[THE INPUT]:
+++++
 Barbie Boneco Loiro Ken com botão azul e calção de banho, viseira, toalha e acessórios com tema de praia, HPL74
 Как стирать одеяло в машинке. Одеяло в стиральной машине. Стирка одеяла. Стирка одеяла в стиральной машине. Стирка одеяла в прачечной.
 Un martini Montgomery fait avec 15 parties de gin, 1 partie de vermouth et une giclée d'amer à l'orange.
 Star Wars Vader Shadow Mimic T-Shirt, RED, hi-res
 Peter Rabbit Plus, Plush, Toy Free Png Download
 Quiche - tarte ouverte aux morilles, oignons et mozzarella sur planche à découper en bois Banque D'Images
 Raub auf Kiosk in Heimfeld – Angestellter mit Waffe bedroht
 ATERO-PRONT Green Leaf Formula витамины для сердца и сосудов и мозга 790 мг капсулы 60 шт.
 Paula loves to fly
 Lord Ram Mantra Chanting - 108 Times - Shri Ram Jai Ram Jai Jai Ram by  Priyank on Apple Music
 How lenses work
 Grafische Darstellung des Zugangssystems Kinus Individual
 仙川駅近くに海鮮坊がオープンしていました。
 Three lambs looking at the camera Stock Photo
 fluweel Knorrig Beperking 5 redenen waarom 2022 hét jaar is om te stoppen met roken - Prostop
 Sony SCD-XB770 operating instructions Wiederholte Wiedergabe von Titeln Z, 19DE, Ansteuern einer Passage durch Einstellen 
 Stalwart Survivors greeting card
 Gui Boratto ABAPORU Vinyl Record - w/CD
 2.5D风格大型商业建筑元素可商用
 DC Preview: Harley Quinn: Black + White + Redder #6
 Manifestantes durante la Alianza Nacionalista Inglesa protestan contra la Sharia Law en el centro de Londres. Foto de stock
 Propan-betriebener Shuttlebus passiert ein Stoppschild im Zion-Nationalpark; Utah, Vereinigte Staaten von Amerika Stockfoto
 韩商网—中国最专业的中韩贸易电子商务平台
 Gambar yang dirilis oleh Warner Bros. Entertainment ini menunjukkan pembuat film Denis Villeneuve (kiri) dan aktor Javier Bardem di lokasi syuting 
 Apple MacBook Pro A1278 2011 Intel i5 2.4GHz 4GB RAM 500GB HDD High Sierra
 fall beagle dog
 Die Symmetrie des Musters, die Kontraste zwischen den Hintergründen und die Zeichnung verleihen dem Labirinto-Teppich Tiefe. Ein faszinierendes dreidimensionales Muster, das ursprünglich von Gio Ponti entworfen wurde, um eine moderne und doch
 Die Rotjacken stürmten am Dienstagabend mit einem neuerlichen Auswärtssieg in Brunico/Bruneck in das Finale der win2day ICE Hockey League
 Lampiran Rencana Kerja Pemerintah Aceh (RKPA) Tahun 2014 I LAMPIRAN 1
+++++
[AIM OF THE TASK]:
Each record above must be restated in full, word for word.

[OUTPUT FOR THIS TASK]:
 Barbie Boneco Loiro Ken com botão azul e calção de banho, viseira, toalha e acessórios com tema de praia, HPL74
 Как стирать одеяло в машинке. Одеяло в стиральной машине. Стирка одеяла. Стирка одеяла в стиральной машине. Стирка одеяла в прачечной.
 Un martini Montgomery fait avec 15 parties de gin, 1 partie de vermouth et une giclée d'amer à l'orange.
 Star Wars Vader Shadow Mimic T-Shirt, RED, hi-res
 Peter Rabbit Plus, Plush, Toy Free Png Download
 Quiche - tarte ouverte aux morilles, oignons et mozzarella sur planche à découper en bois Banque D'Images
 Raub auf Kiosk in Heimfeld – Angestellter mit Waffe bedroht
 ATERO-PRONT Green Leaf Formula витамины для сердца и сосудов и мозга 790 мг капсулы 60 шт.
 Paula loves to fly
 Lord Ram Mantra Chanting - 108 Times - Shri Ram Jai Ram Jai Jai Ram by  Priyank on Apple Music
 How lenses work
 Grafische Darstellung des Zugangssystems Kinus Individual
 仙川駅近くに海鮮坊がオープンしていました。
 Three lambs looking at the camera Stock Photo
 fluweel Knorrig Beperking 5 redenen waarom 2022 hét jaar is om te stoppen met roken - Prostop
 Sony SCD-XB770 operating instructions Wiederholte Wiedergabe von Titeln Z, 19DE, Ansteuern einer Passage durch Einstellen 
 Stalwart Survivors greeting card
 Gui Boratto ABAPORU Vinyl Record - w/CD
 2.5D风格大型商业建筑元素可商用
 DC Preview: Harley Quinn: Black + White + Redder #6
 Manifestantes durante la Alianza Nacionalista Inglesa protestan contra la Sharia Law en el centro de Londres. Foto de stock
 Propan-betriebener Shuttlebus passiert ein Stoppschild im Zion-Nationalpark; Utah, Vereinigte Staaten von Amerika Stockfoto
 韩商网—中国最专业的中韩贸易电子商务平台
 Gambar yang dirilis oleh Warner Bros. Entertainment ini menunjukkan pembuat film Denis Villeneuve (kiri) dan aktor Javier Bardem di lokasi syuting 
 Apple MacBook Pro A1278 2011 Intel i5 2.4GHz 4GB RAM 500GB HDD High Sierra
 fall beagle dog
 Die Symmetrie des Musters, die Kontraste zwischen den Hintergründen und die Zeichnung verleihen dem Labirinto-Teppich Tiefe. Ein faszinierendes dreidimensionales Muster, das ursprünglich von Gio Ponti entworfen wurde, um eine moderne und doch
 Die Rotjacken stürmten am Dienstagabend mit einem neuerlichen Auswärtssieg in Brunico/Bruneck in das Finale der win2day ICE Hockey League
 Lampiran Rencana Kerja Pemerintah Aceh (RKPA) Tahun 2014 I LAMPIRAN 1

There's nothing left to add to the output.